I like the idea of leaving the centaurs as natural as possible. They are a more wild, yet intelligent race known for their love of nature. I would think that building buildings, even carrying around portable tents, would be too much of a hassle for them, and they would see it that way too. If need be, they can seek natural shelter like caves, underneath trees, etc, but would otherwise tough out the weather.

Have you considered clothing? Sure pieces for the human part would be easy, but what about the horse part? Is it considered normal for the centaurs to have their horse junk all exposed to the world? This would go with the mindset of having them be natural. One with nature. Many real life tribes of people just shrug off nudity and don't even care.


----------



## Saproxylic (Jul 14, 2016)

From a nutrition point of view, I would lean towards an omnivorous centaur with a hefty part of their diet consisting of meat. The reason is simple. An average horse needs around 18 000 kcal (compared to 2000-3000 kcal of a human) which translates in a huge volume of plant food. Even a regular horse with a horse sized mouth and teeth fit for eating roughage spends several hours a day eating. If one has to munch through so much plant food with a mostly human shaped mouth, your centaurs would be basically constantly eating. So I reckon they should be consuming some calorie richer food.

This also brings up a question I have been pondering about a lot. When a baby centaur is born and needs to be nursed, does the momma centaur use her human breasts or horse teats to nurse the kid or both?


----------



## D. Gray Warrior (Jul 14, 2016)

Swordfry said:


> You could make their digestive system like that of a cow's: multiple stomachs. Having to process a human diet and lots of grass would take multiple stomachs to process all of it. Or you could possibly even somehow make it so that one or more stomachs only digest the grass. Something like that.
> 
> 
> I like the idea of leaving the centaurs as natural as possible. They are a more wild, yet intelligent race known for their love of nature. I would think that building buildings, even carrying around portable tents, would be too much of a hassle for them, and they would see it that way too. If need be, they can seek natural shelter like caves, underneath trees, etc, but would otherwise tough out the weather.
> ...



I agree. I figure they will only cover their human parts and use animal skin. 
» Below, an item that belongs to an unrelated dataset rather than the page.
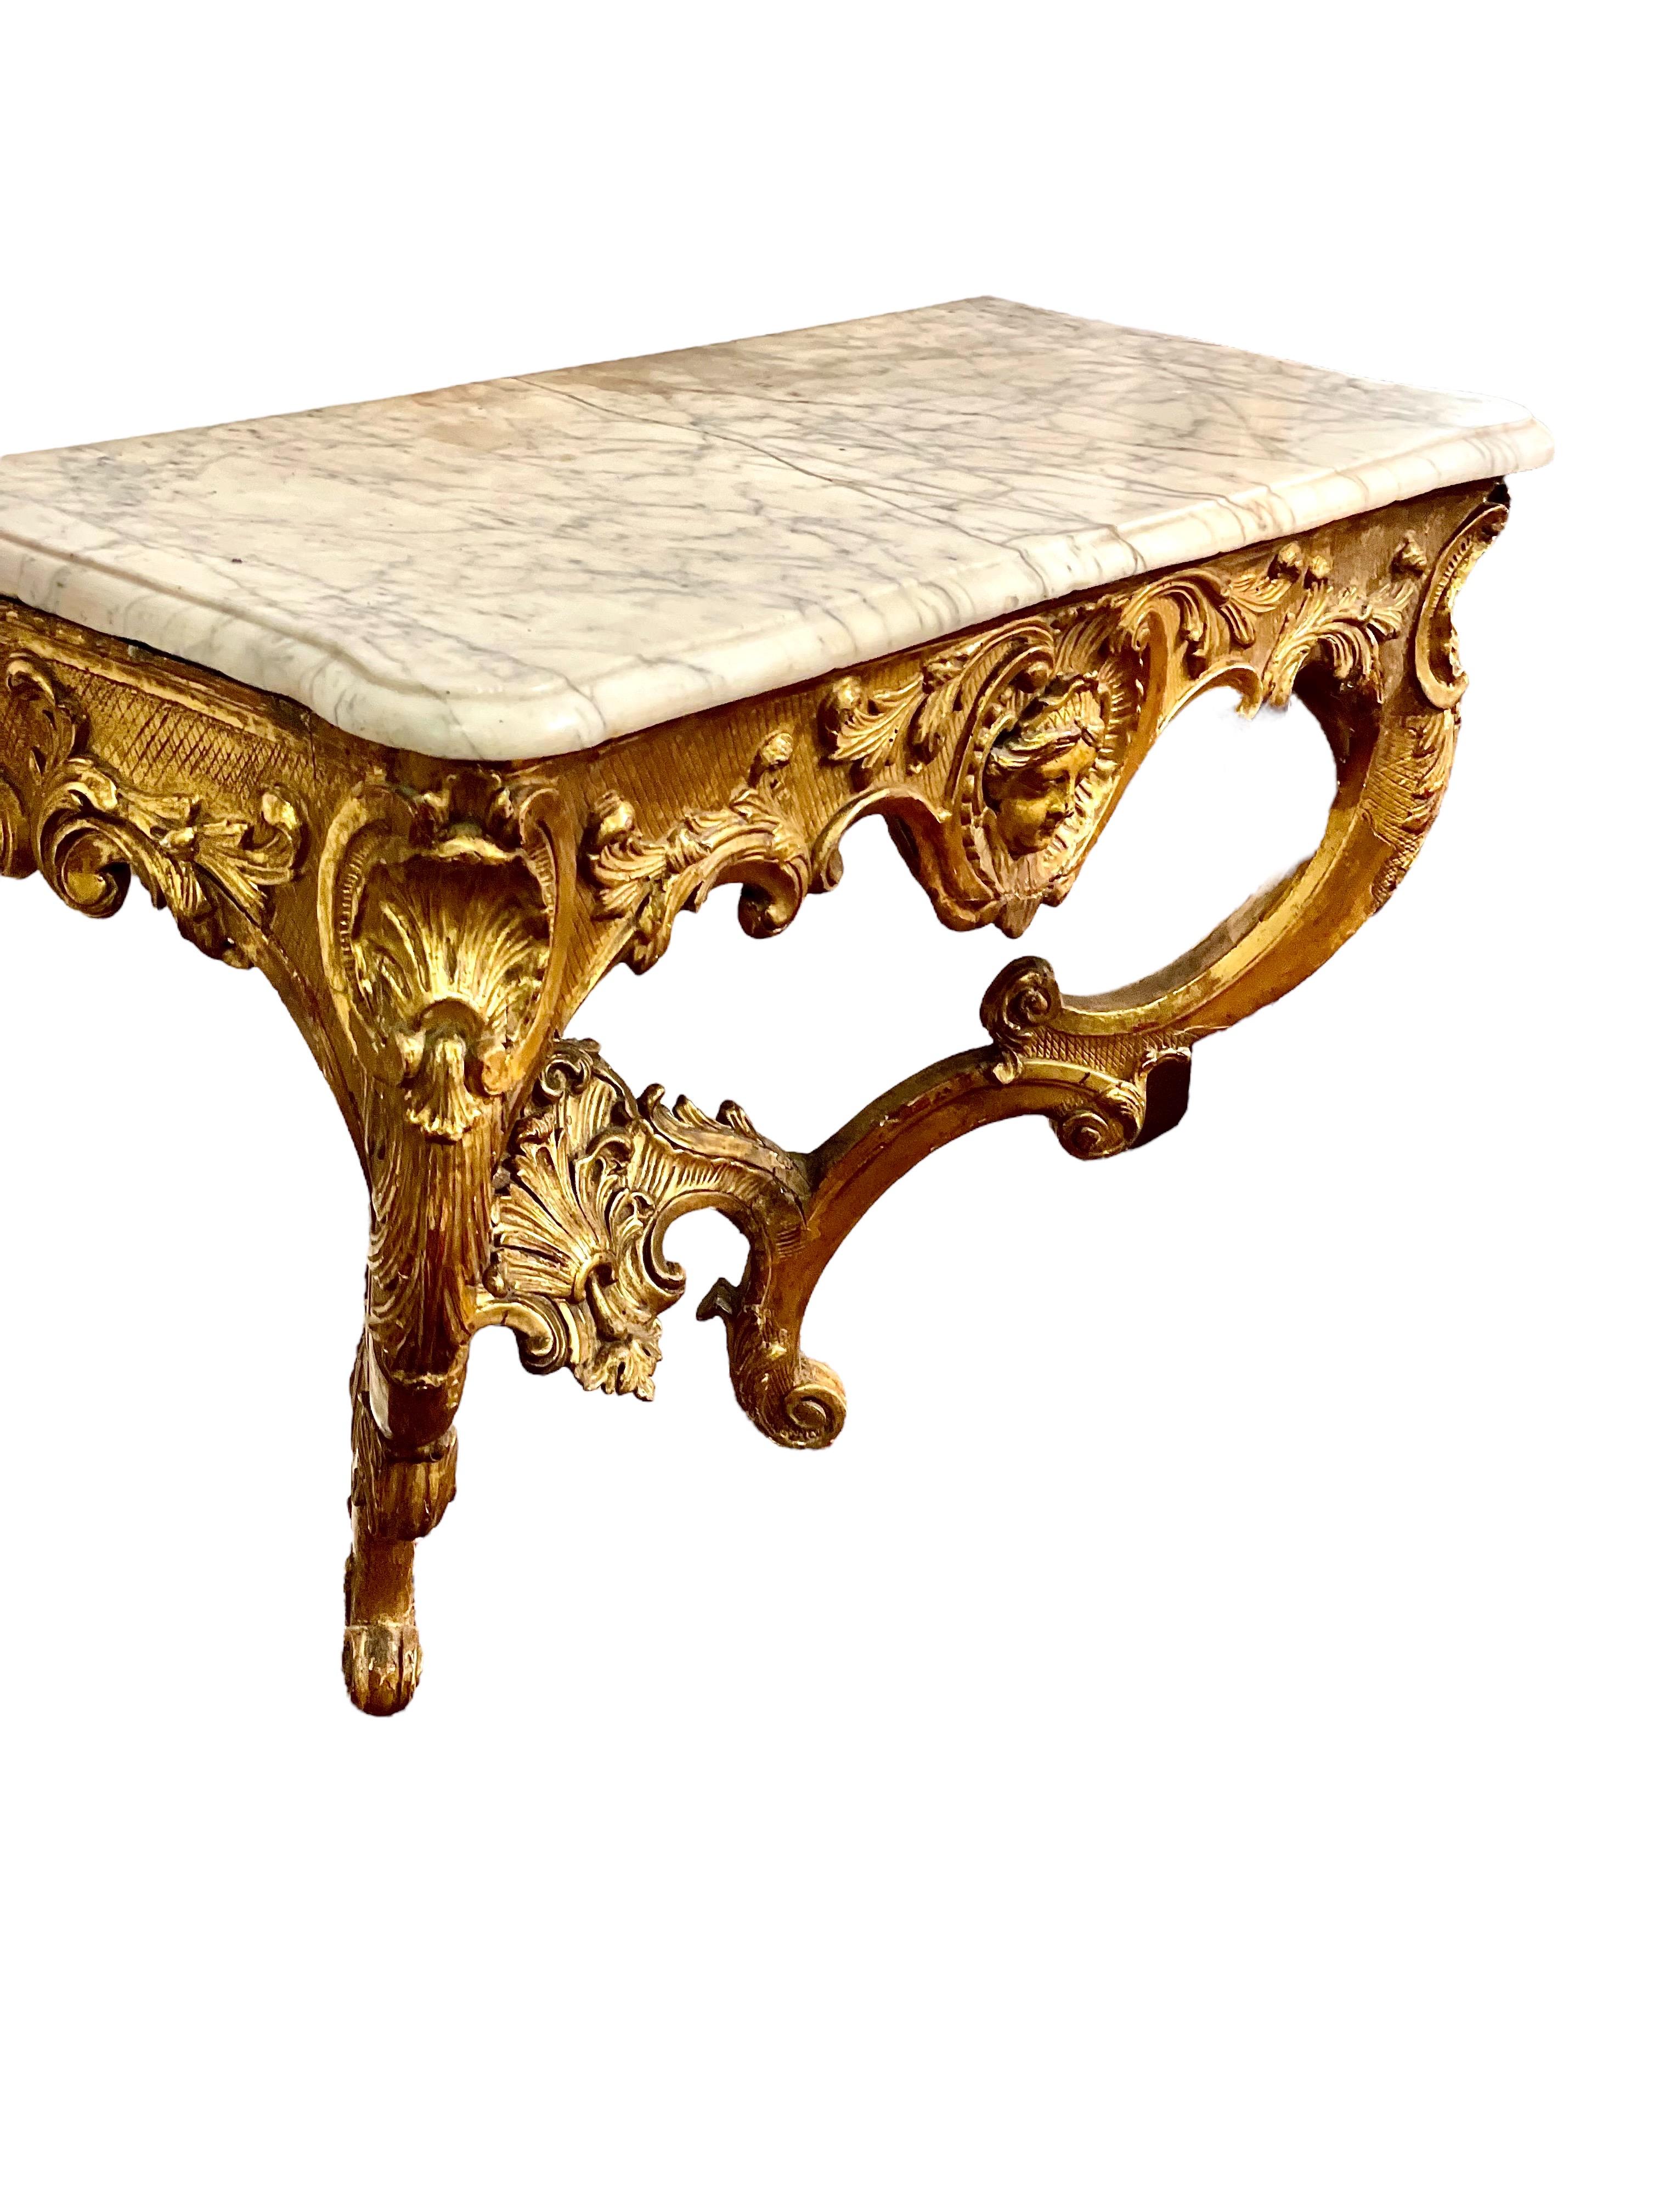 1730s Louis XV Period French Giltwood Console Table  For Sale 2

I also like the idea of having multiple digestive systems.


----------



## DragonOfTheAerie (Jul 14, 2016)

You know, foals can run almost as soon as they're born, but babies can't even hold themselves up for months. How does that work out?!


----------



## Ireth (Jul 14, 2016)

DragonOfTheAerie said:


> You know, foals can run almost as soon as they're born, but babies can't even hold themselves up for months. How does that work out?!


----------



## DragonOfTheAerie (Jul 14, 2016)

Ireth said:


>



Yeaaaaaaah....


----------



## TheKillerBs (Jul 14, 2016)

I knew that pic would pop up as soon as I saw that question. The most logical answer, to me, is that the development of each part would parallel each other so that you would give birth to a baby centaur with human and horse halves both either baby human-defenceless or foal-ready.


----------